作者:我独顽且鄙 字数:8102 更新:2021-12-31 16:43:36

    李朗带笑道“给南越王松绑,赐座,朕却要听听,一介降将,对整饬军纪有何等高见。”

    听令上前解缚的是昨日俘虏赵让那大络腮胡子,显而易见是心不甘情不愿,狠狠剜了赵让两眼,把赵让推搡到皇帝左下方的凳前,暗暗给了他小腿一记狠踢。

    赵让吃痛,仅是微微皱眉,并不声张,谢过皇帝,泰然就坐。

    李朗饶有兴趣地打量着赵让,将除曹霖之外的众人屏退,笑对赵让道“赵将军,现下可说了吗?还是你只能与曹卿明言,连朕也要回避?”

    赵让不避李朗的目光,他一日一夜滴水未沾,喉咙快生出烟来,一说话更如刀割,但皇帝问话,不能不答,强挤出声来“天子一言九鼎,陛下仁德无双,既许罪臣不咎亲眷,为何出尔反尔?”

    “朕何时出尔反尔了?”

    赵让将“谢将军”把自己押入主帐,试图让他劝哄劫虏少女,如何强逼不遂,反被他所杀,以及他声东击西助少女逃出之事,一五一十详细说给皇帝与曹霖。

    “那东楚谢姓将军虏我女眷,或出自陛下授意,或是纵容,二者必居其一。陛下是觉此事无伤圣明吗?至于整饬军纪,曹将军在此,罪臣不敢妄论,只是治军如严,鸡犬无惊,百姓颂扬的,自然是国力昌盛,天子有道。”

    一气说完,他只觉嗓子干痒,止不住连连咳嗽。

    曹霖在旁听得是心惊肉跳,碍于皇帝未曾发声,他也不能辩驳。局外人不知朝堂凶险,大大小小形形□□的势力盘根错节,见奸妄横行,结党营私,便只道上位为首者株恶不坚,软弱无能,赵让话中暗指他治军不严以致军纪废弛,真是好大冤枉。

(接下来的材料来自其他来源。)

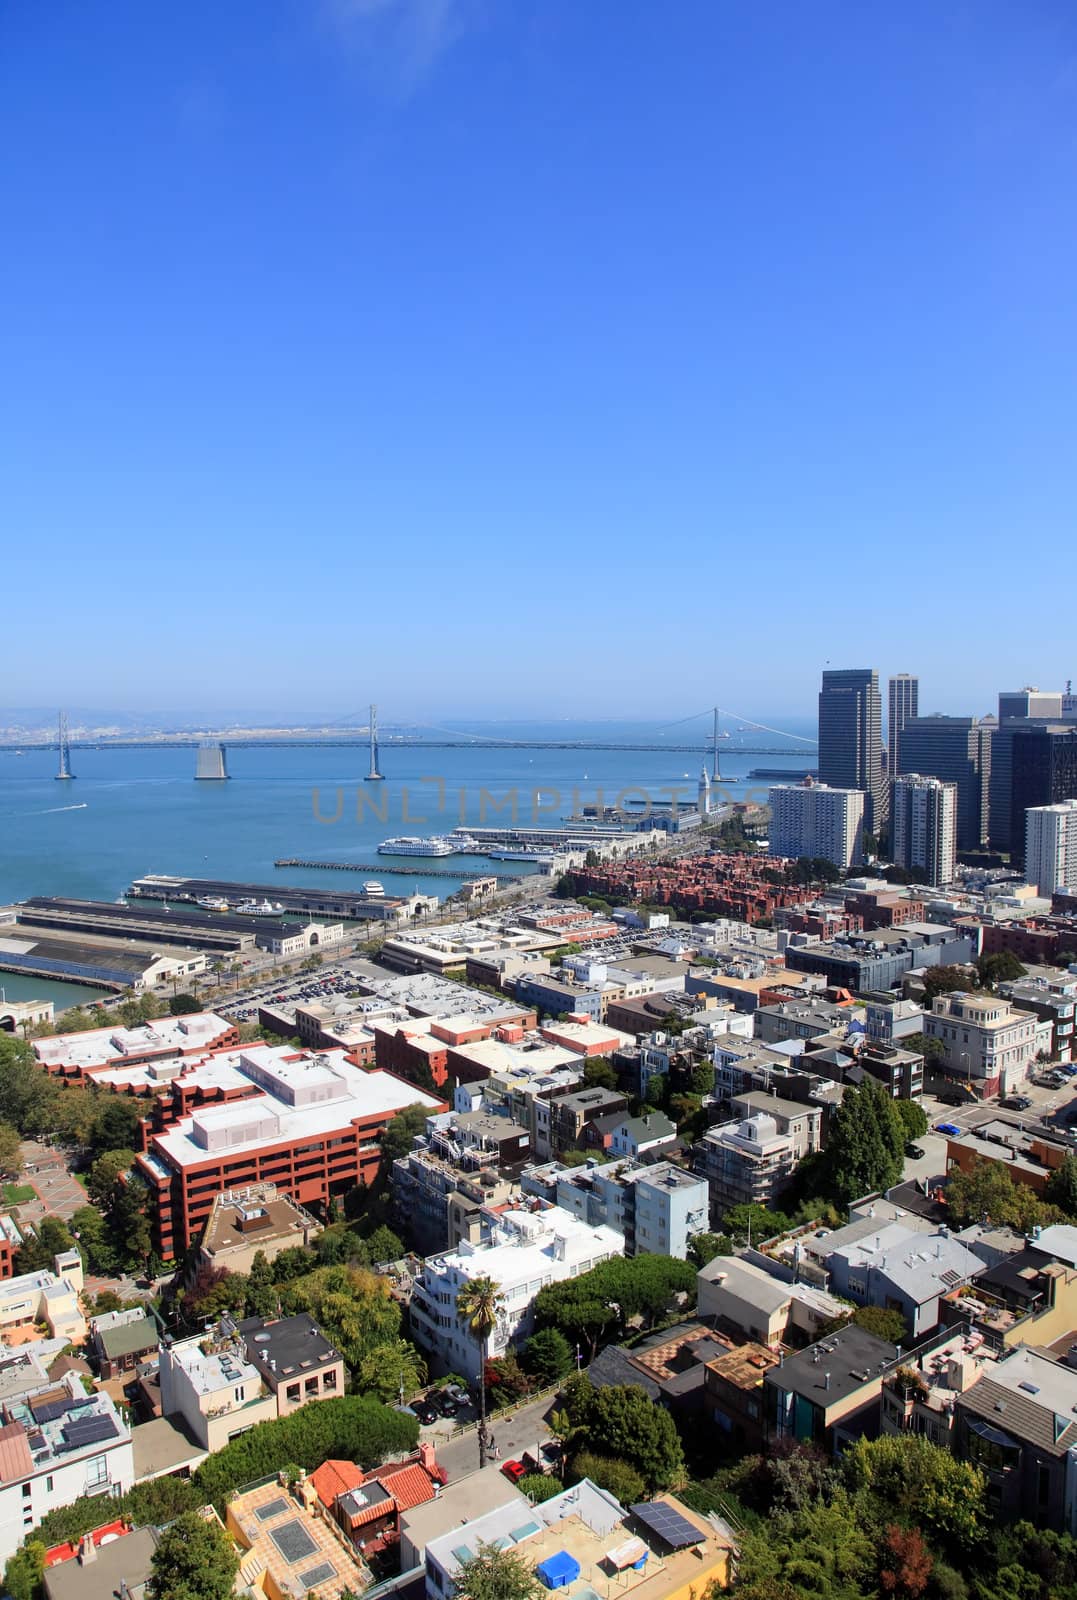 The bay bridge in San Francisco  by gary718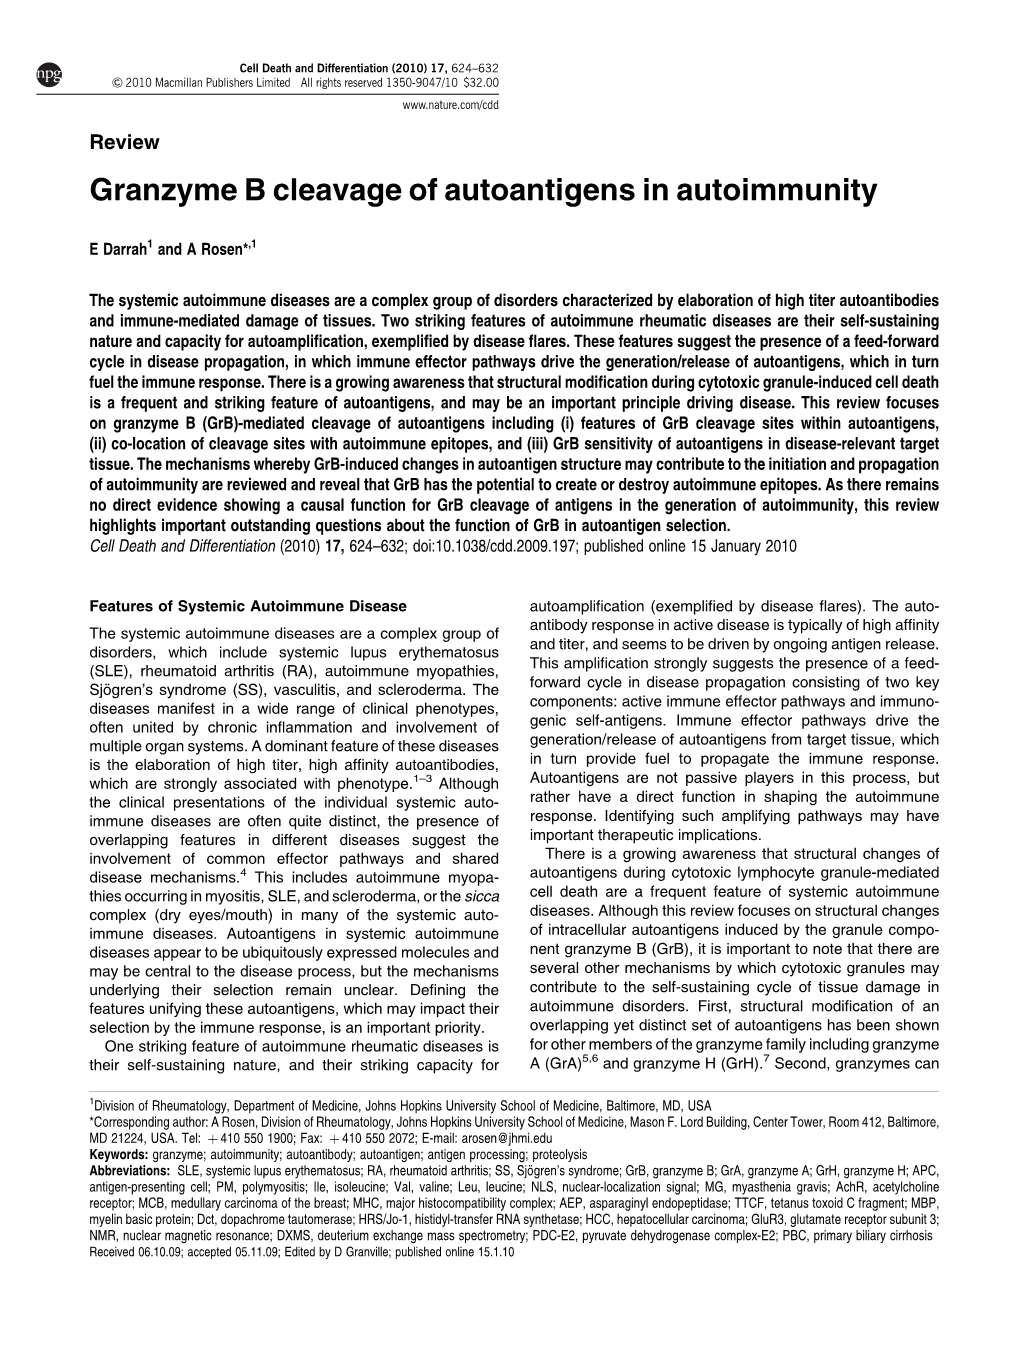 Granzyme B Cleavage of Autoantigens in Autoimmunity

    不过这番话主责的还不是他曹霖,而是皇帝李朗。

    李朗没有超凡入圣到“闻过则喜”的境界,但赵让的直言训斥他却也是恼不起来,淡笑道“也罢。杀谢吾,算你赵让代行军法,朕不怪你。但那两士兵所犯何罪,是你亲见他们为虎作伥?”

    这话问出,赵让愣了。

    莫说那两身死的兵卒不知有无助纣为虐之举,即便谢吾同党,论罚处也该分个首从有别,赵让为救妻妹,出手杀人,于情合,于理却是怎么也扯不到公正之上。

    李朗见赵让脸上现出羞愧之色,低头不语,暗自好笑,心中已对赵让此人已有粗浅认识,只待日后再行勘察,如少年时的绮梦可圆,也是人生快事。

    他暂且不理会无言以对的赵让,转向曹霖,询问尸身收捡入棺的事情。

    正值夏季,炎热高温,尸体不能久置,只是事出突然,临急临忙,棺柩来不及订做,便由一小队人马赶至就近城内,拉来便宜的薄木棺材,给谢吾入殓。

    李朗跟曹霖商定,他先率部分兵马,带上赵让,拖着谢吾的灵柩先行一步,快马加鞭赶回金陵,留给谢家处理后事的时间余地,待大军归来,再正式举行奏凯大典。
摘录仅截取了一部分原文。